Silicon Valley Bank (SVB), a major U.S. bank that provided financial services to some of the largest and most well-known tech investors and startups, collapsed on Friday, March 10. It was taken over by federal regulators under the control of the Federal Deposit Insurance Corporation (FDIC) after depositors rushed to withdraw billions of dollars in deposits from the bank. 

A financial crisis of this magnitude quickly gains worldwide attention and interest from hackers who see chaos and stress as a point of opportunity. As bad actors prey on customer fear amid the bank's collapse, security leaders have begun to see a series of phishing campaigns impersonating SVB. 

Financial online services are a prime target for phishing attacks

Phishing attacks are attempts by cybercriminals to trick individuals into divulging sensitive information such as login credentials or financial data from emails, text messages, or websites that appear legitimate but are fake. In the context of online financial services, phishing attacks may use fake login pages or emails to impersonate the real financial institution to trick victims into providing sensitive information that can be used for criminal activities such as identity theft or financial fraud. In some cases, the victims are redirected to the real site, so they mistakenly think they are interacting with the financial institute but are unwittingly giving their credentials to attackers. 

SVB phishing campaign analysis

With attackers creating domains that closely resemble the name of the targeted organization, it is no surprise that SVB is at the center of an emerging phishing campaign. These domains may contain minor variations and often include references to financial terms, such as payments or financial aid, to trick individuals into clicking on malicious links.
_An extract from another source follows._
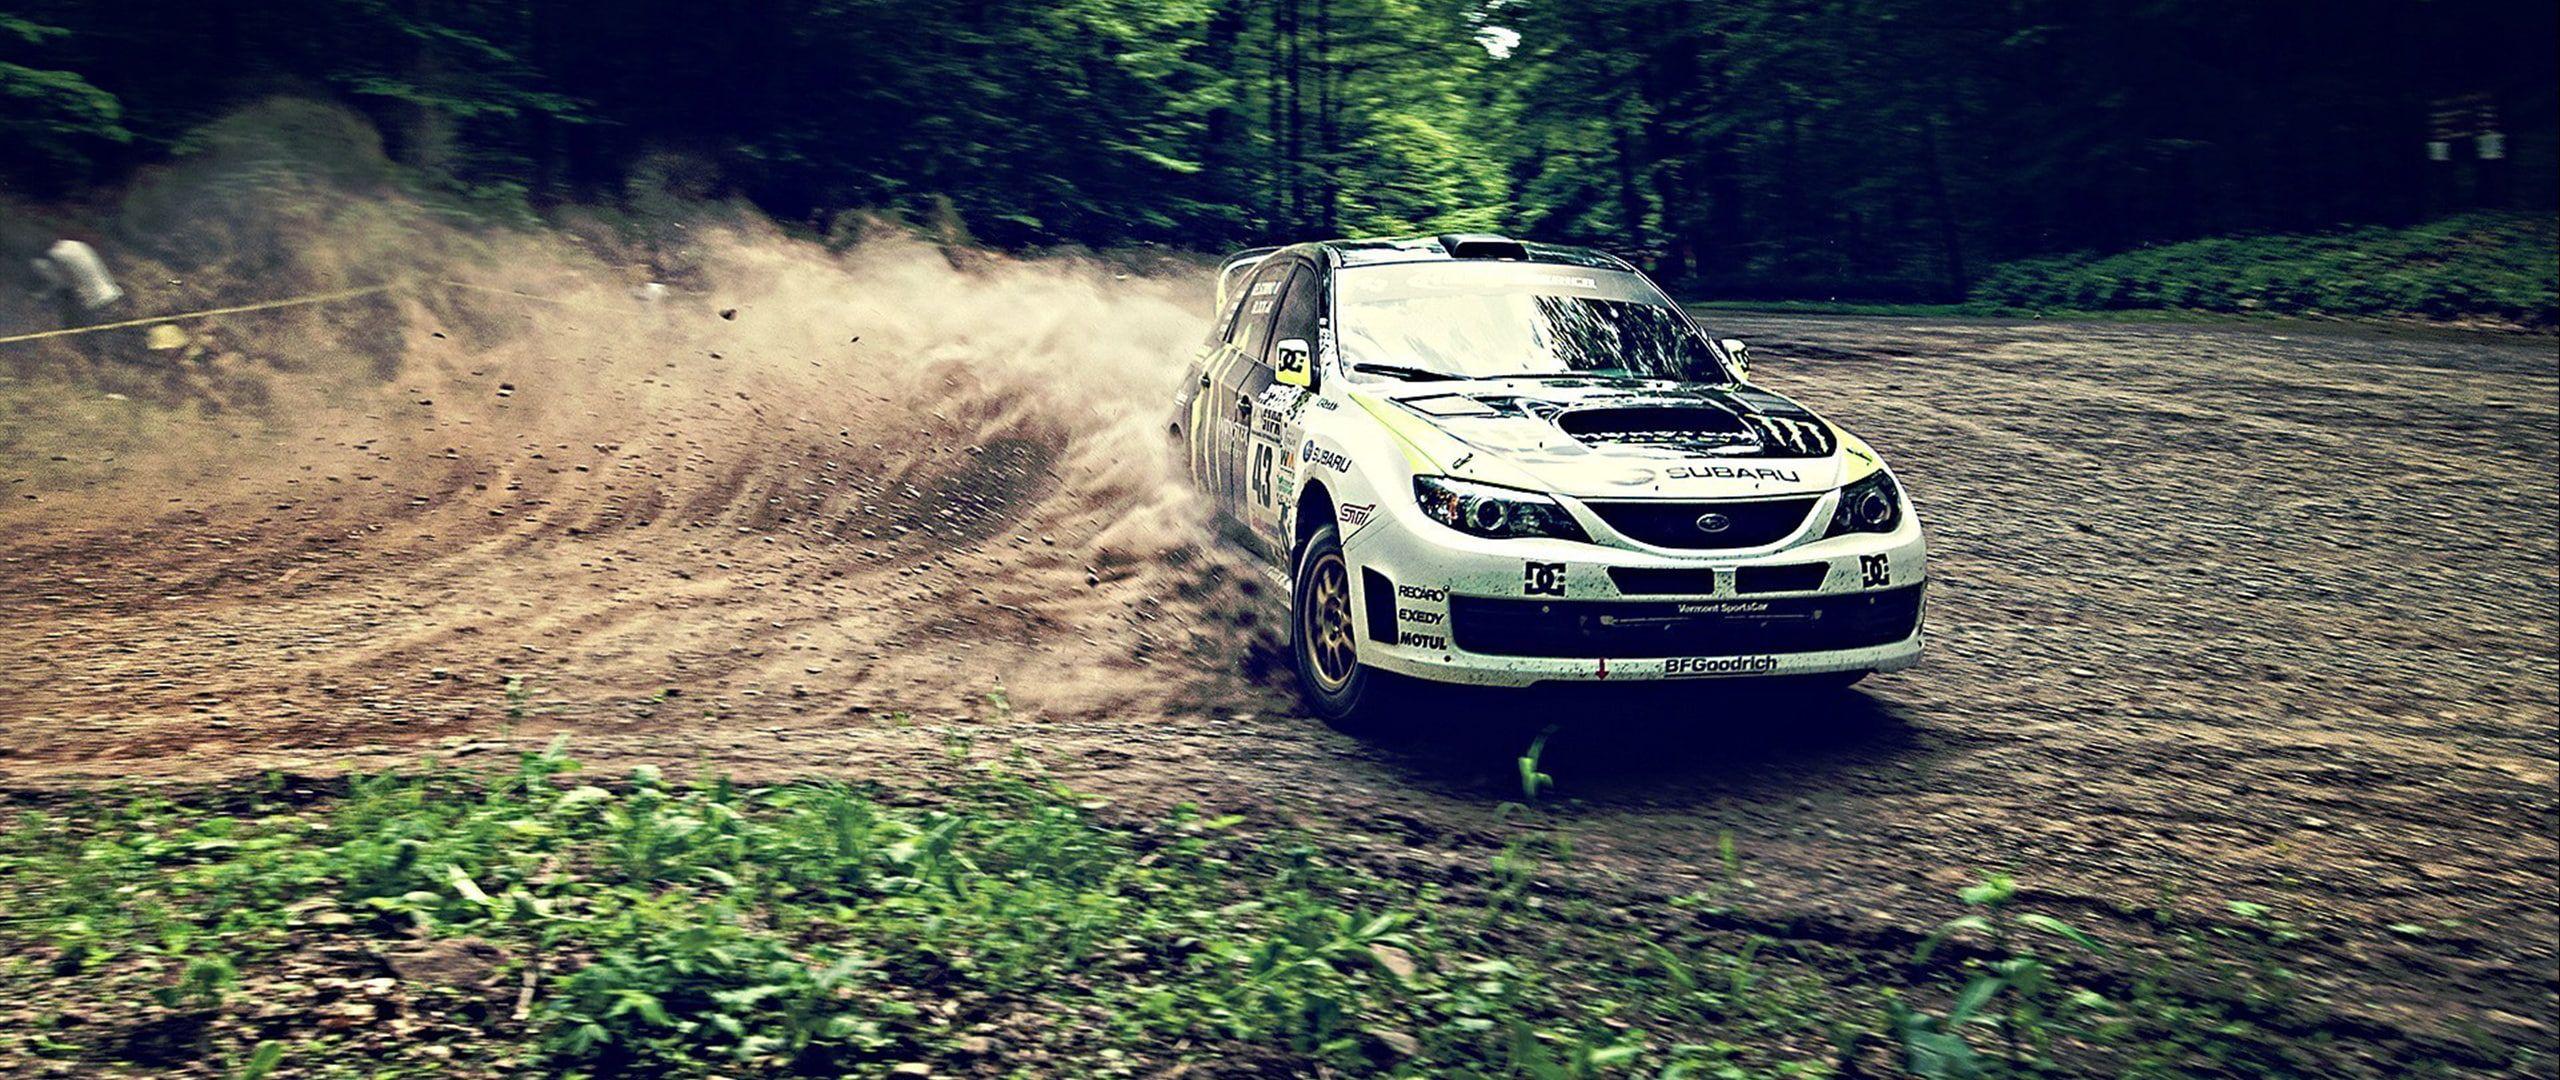 Ultra Wide Rally Rallye Subaru 2k Wallpaper Hdwallpaper Desktop In 2021 Subaru Japan Photography Hd Wallpaper
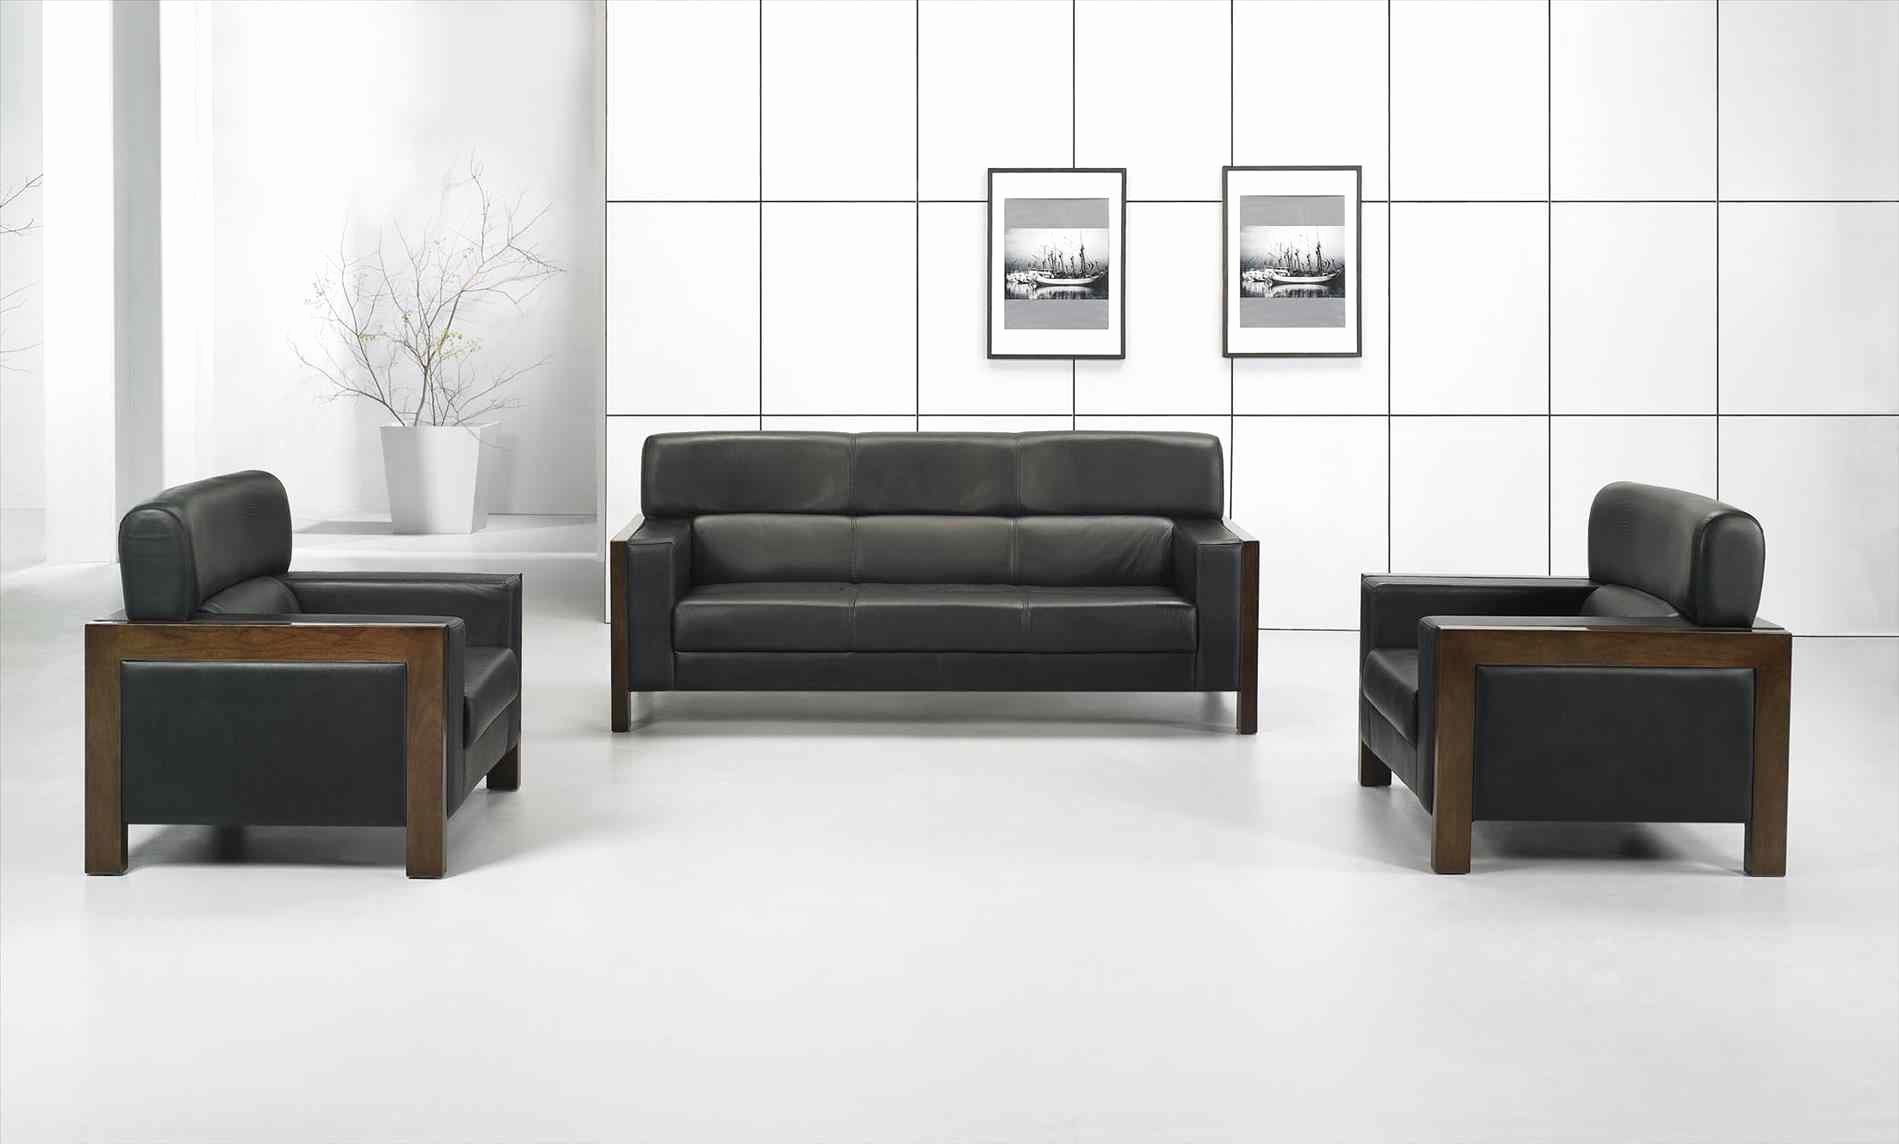 Modern Office Sofa Designs In 2020 Office Sofa Design Home Office Design Sofa Design

As in many phishing campaigns, hackers have been testing their malicious domains before deploying them to ensure they work effectively. As it appears, one of the attackers is from Turkey, as they were able to lure a local target to their website just a few hours after purchasing the domain.

More than 90 new SVG domains have been register to be used in attacks against targets, mainly in the U.S.

Image via Veriti


Credit Suisse and First Republic Bank are now in the crosshairs

The collapse of SVB triggered a crisis of confidence that has led to several banks around the world facing significant stock hits. Credit Suisse and First Republic Bank are the latest, with Credit Suisse borrowing up to $54 billion from Switzerland’s central bank and First Republic Bank receiving a $30 billion capital infusion from fellow lenders to bolster confidence in the financial system.

As the situation continues to unfold, SVB-related phishing campaigns are starting to decrease in volume, while new phishing campaigns related to Credit Suisse and First Republic Bank are already in the works.

attack timeline.jpgImage via Veriti

Hackers again are taking advantage of the uncertainty around the stability of Credit Suisse and First Republic Bank, which makes their customers more susceptible to phishing attacks.

How to avoid being the next victim

Hackers prey on the fact that security leaders throw the security rulebook out the window in a moment of stress or that they are not paying close attention. Don’t let them win. Security leaders need to think rationally and follow the best practices and encourage employees to do the same, especially with attacks like this that are difficult to detect. 

Be vigilant – Take extra precautions by reviewing URLs on any web pages that ask for log-in details or financial information. There are nearly 100 new SVB-related domains, and the numbers are growing as we speak. Be wary of unsolicited emails, misspellings and clunky web pages.

Maximize existing security tools – There might already be an anti-phishing tool within an employee’s security stack and they don’t even realize it. Scan the resources that are already built into the environment and ensure everything is turned on, properly configured with alerts, and updated with the latest malicious phishing URLs, including email security, network, and endpoint security, browser protection and URL/domain filtering.

Re-visit cybersecurity awareness training – Training should always be part of a security leader’s first line of defense. Cybersecurity threats will continue evolving in their complexity and prevalence, so don’t wait until it’s too late. Make sure employees are undergoing training on a regular basis.  

Not only is having a robust security stack that’s designed to detect behavioral anomalies critical but so is making sure that a environment is fully optimized. Invest the time and energy now because tomorrow will surely bring the latest shiny and new phishing hook.